Dra. M.  L., tirou o curso de Farmácia na Faculdade de Farmácia da Universidade de Lisboa, fez estágio no laboratório militar em Produção e Controlo de Qualidade, trabalhou em várias empresas multinacionais nas áreas da Qualidade e da Regulamentação; durante dez anos trabalhou numa empresa, em que fez investigação de novas formas farmacêuticas e de novos medicamentos e novas moléculas, sendo responsável pelo desenvolvimento clinico e farmacológico de novas substancias, pela aprovação e implementação dos protocolos, dos ensaios clínicos e farmacológicos e toxicológicos em animais e também pré-clínicos. É especialista em indústria farmacêutica desde 1986 e especialista na área regulamentar, desde 2000”

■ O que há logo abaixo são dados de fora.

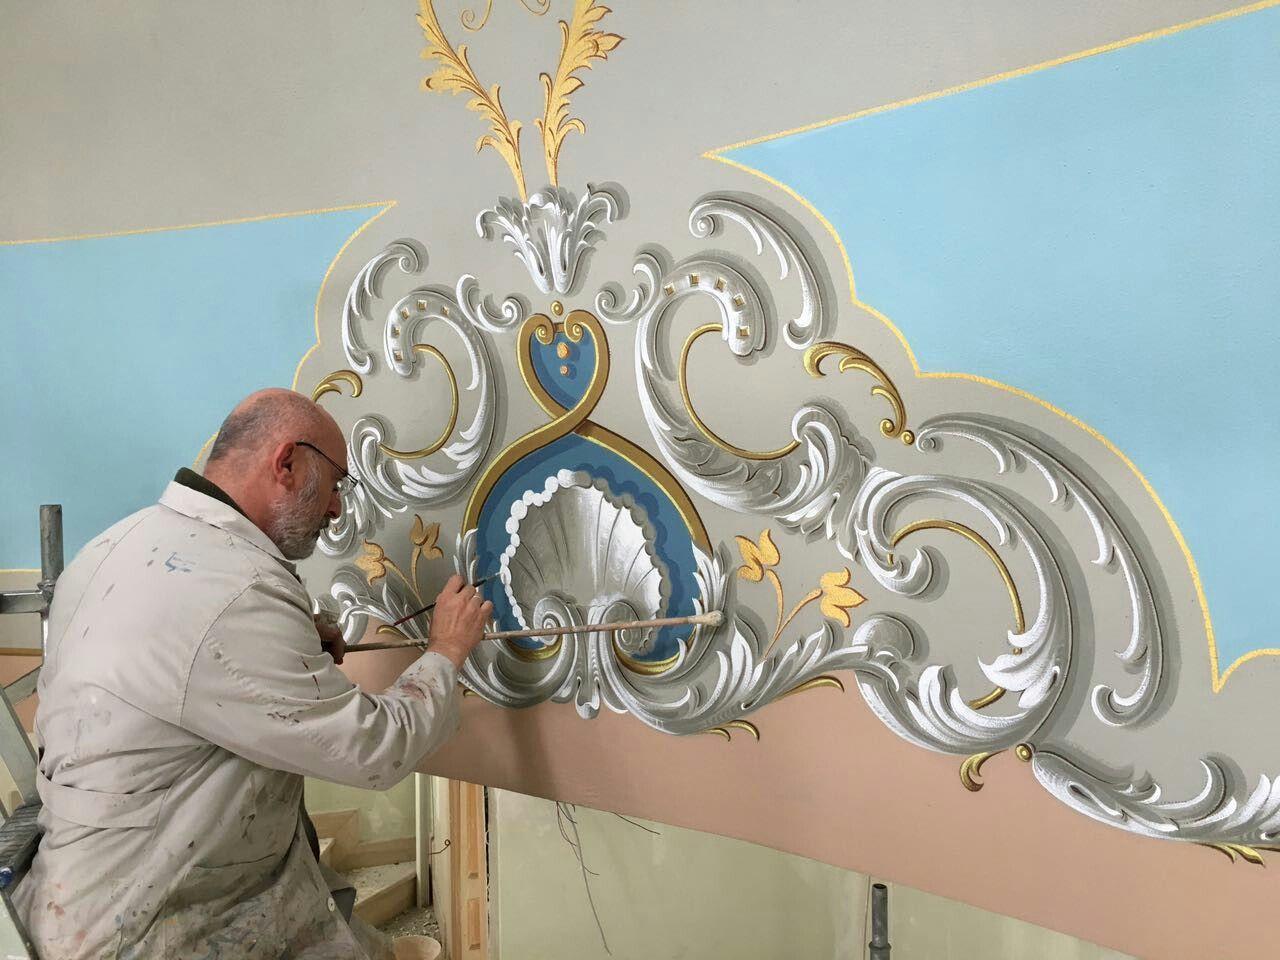 Pitture Murali Per Interni Decorative : Pitture murali decorative per interni excellent pitture murali

[8] Segundo o qual “Podem ser objecto de patente as invenções novas, implicando actividade inventiva, se forem susceptíveis de aplicação industrial (…)”
[9] E no art. 52º, nº 1 da Convenção de Munique sobre a Patente Europeia, D. R., Série I-A, de 30.08.1991
[10] E no art. 138º, nº 1, alínea a) da Convenção de Munique,
[11] Não põem já em causa a novidade da invenção.
[12] Facto que as recorrentes sustentavam que devia ser julgado como não provado, pretensão que não foi atendida.
[13] Facto que as apelantes pretendiam que fosse julgado como não provado, o que não aconteceu.
[14] Também a decisão proferida sobre este facto vinha impugnada, mas não foi objeto de qualquer alteração.
[15] Facto que, sem êxito, as apelantes pretendiam ver julgado como não provado.
[16] Também a decisão sobre este facto foi impugnada, mas tal impugnação foi rejeitada.
[17] A decisão sobre este facto vinha também impugnada, pretendendo as recorrentes que fosse ainda julgado como provado que para tal bastaria efetuar mero trabalho de experimentação.